> [About this task]
The material below should be copied line for line, please, with pictures omitted.

> [Dataset section]
%%
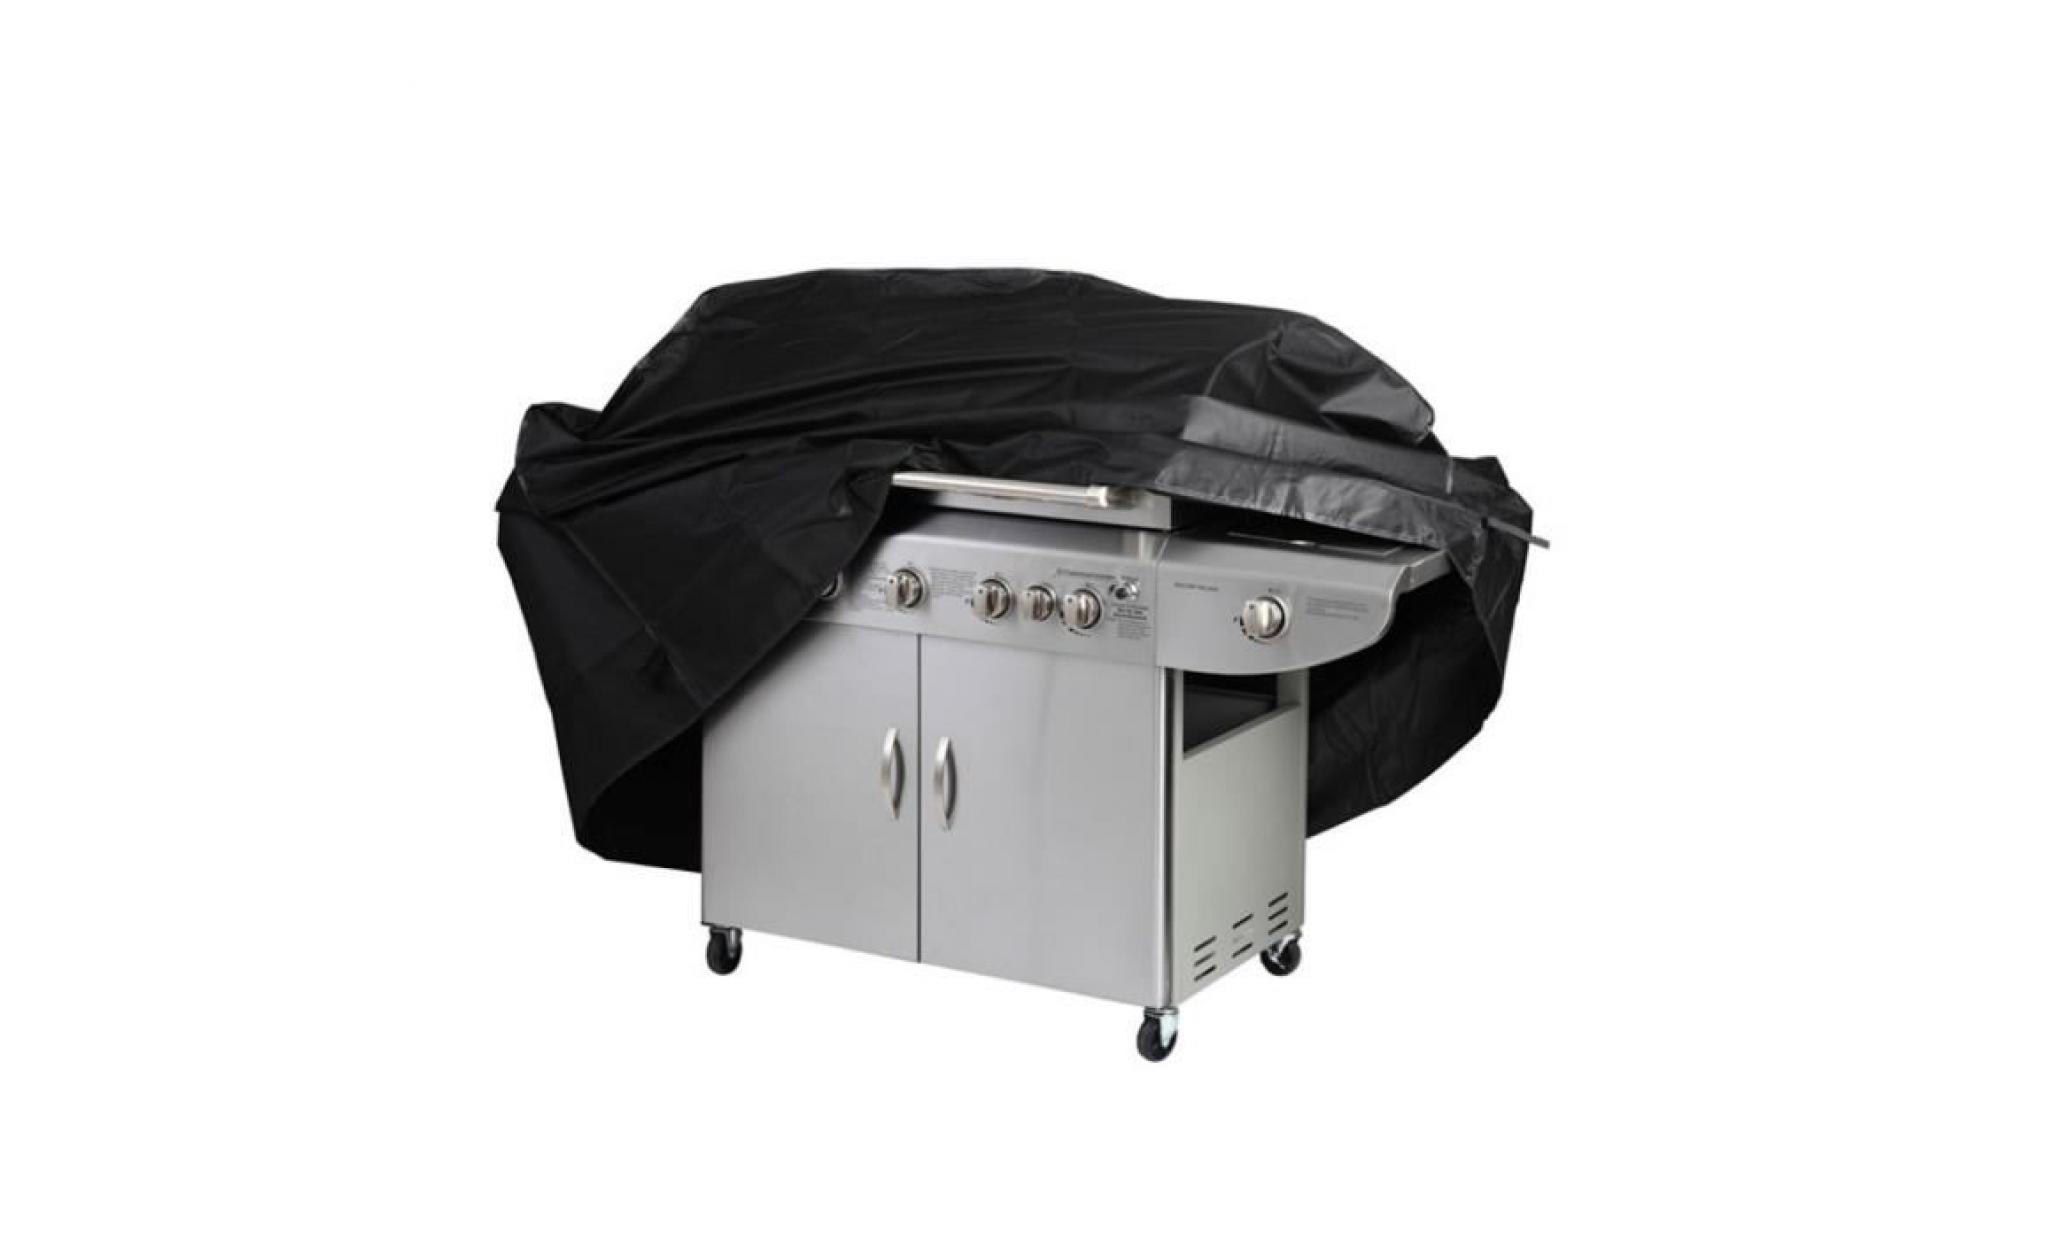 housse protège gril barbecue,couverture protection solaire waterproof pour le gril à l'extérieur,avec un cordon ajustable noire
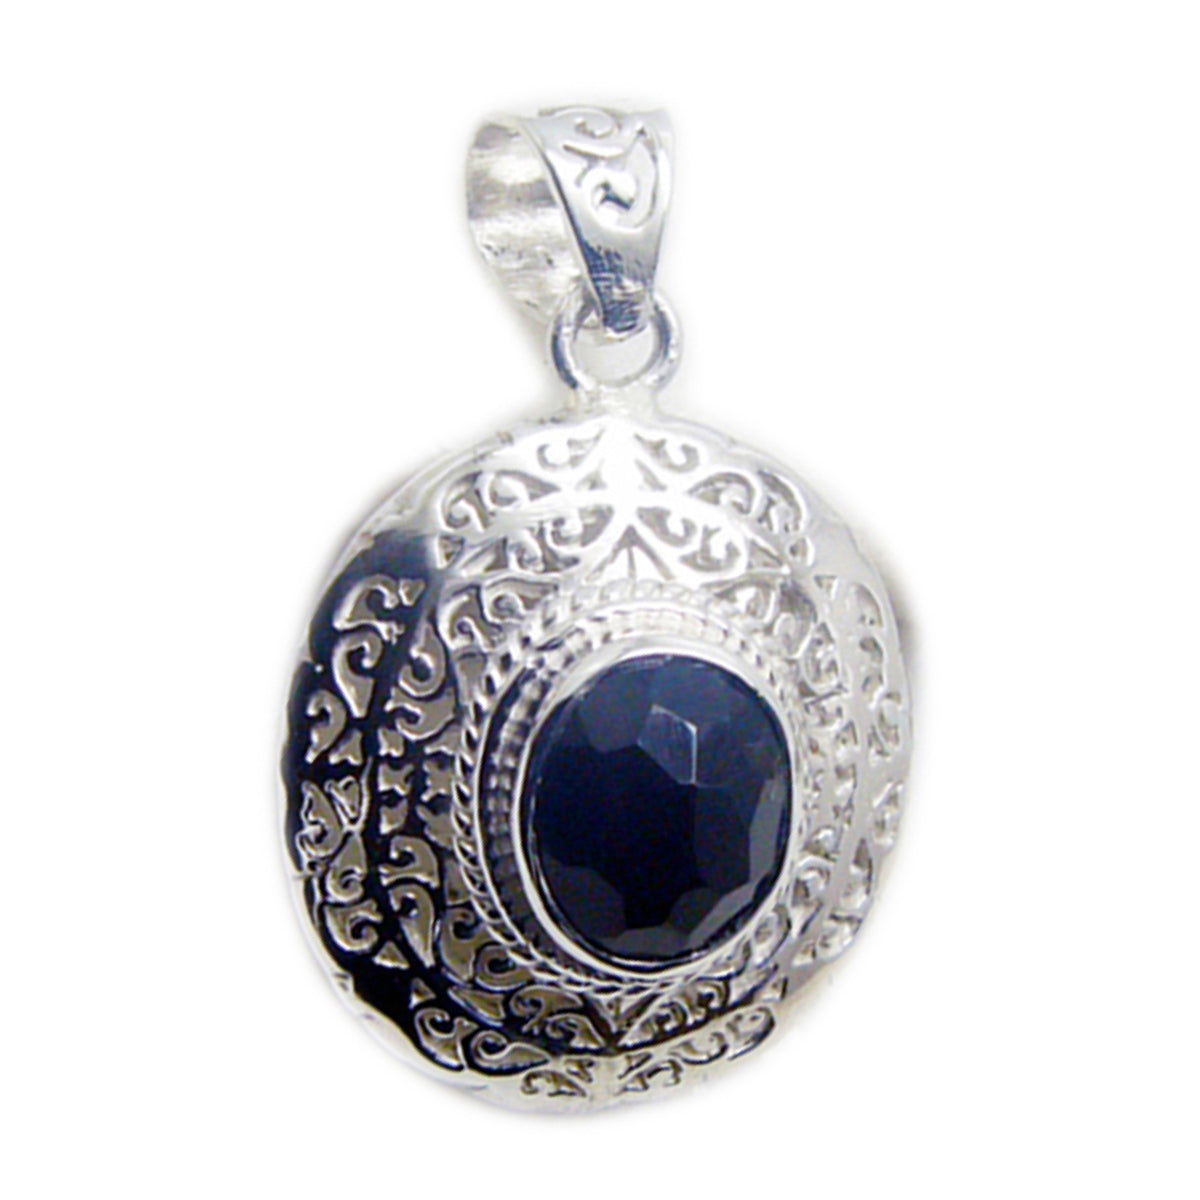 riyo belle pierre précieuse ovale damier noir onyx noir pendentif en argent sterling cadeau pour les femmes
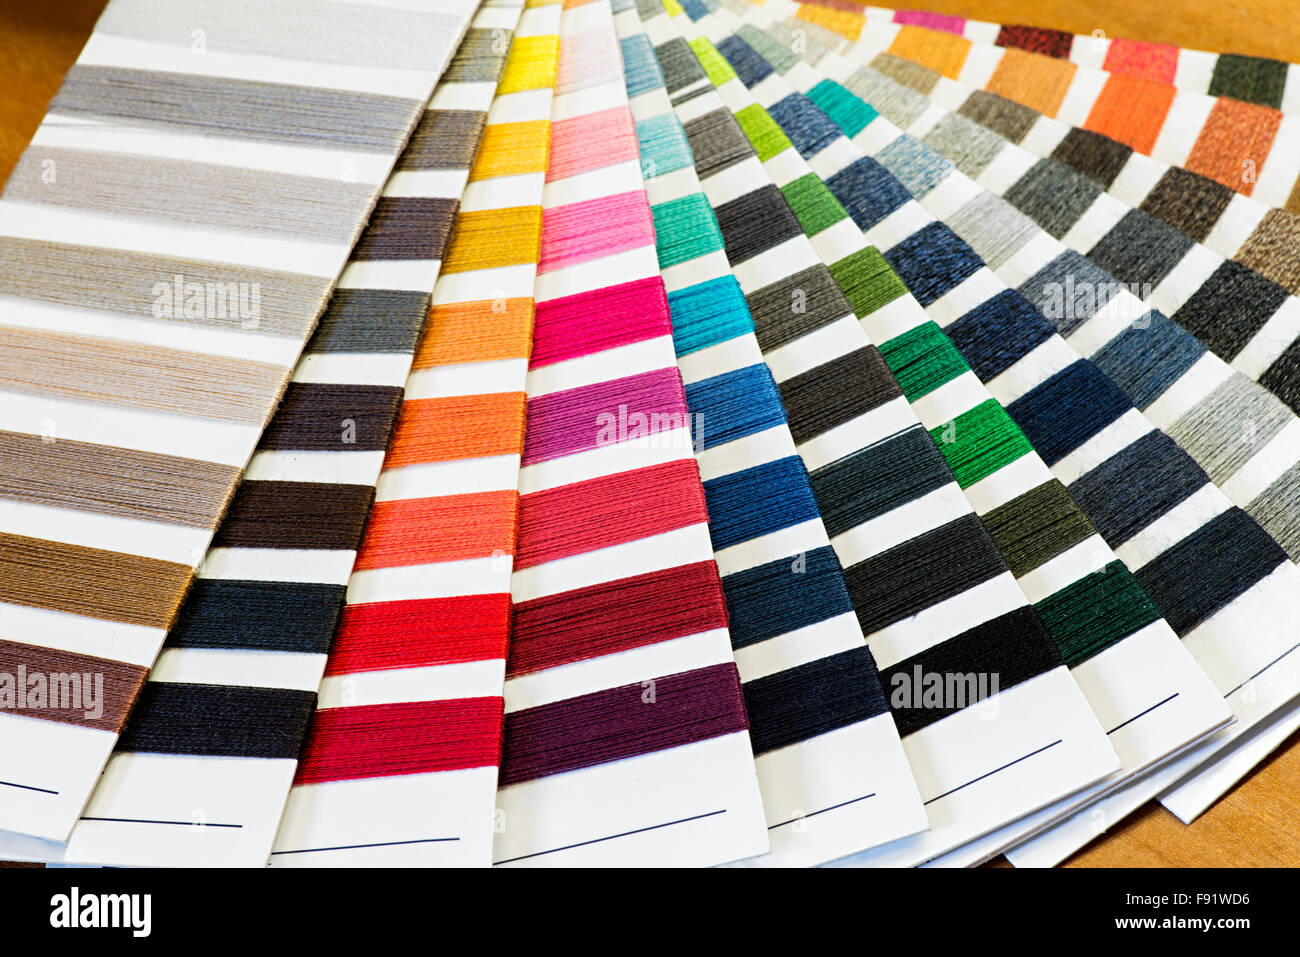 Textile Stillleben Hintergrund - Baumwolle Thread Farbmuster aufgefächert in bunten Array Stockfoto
%%
> [Answer box]
 housse protège gril barbecue,couverture protection solaire waterproof pour le gril à l'extérieur,avec un cordon ajustable noire
 riyo belle pierre précieuse ovale damier noir onyx noir pendentif en argent sterling cadeau pour les femmes
 Textile Stillleben Hintergrund - Baumwolle Thread Farbmuster aufgefächert in bunten Array Stockfoto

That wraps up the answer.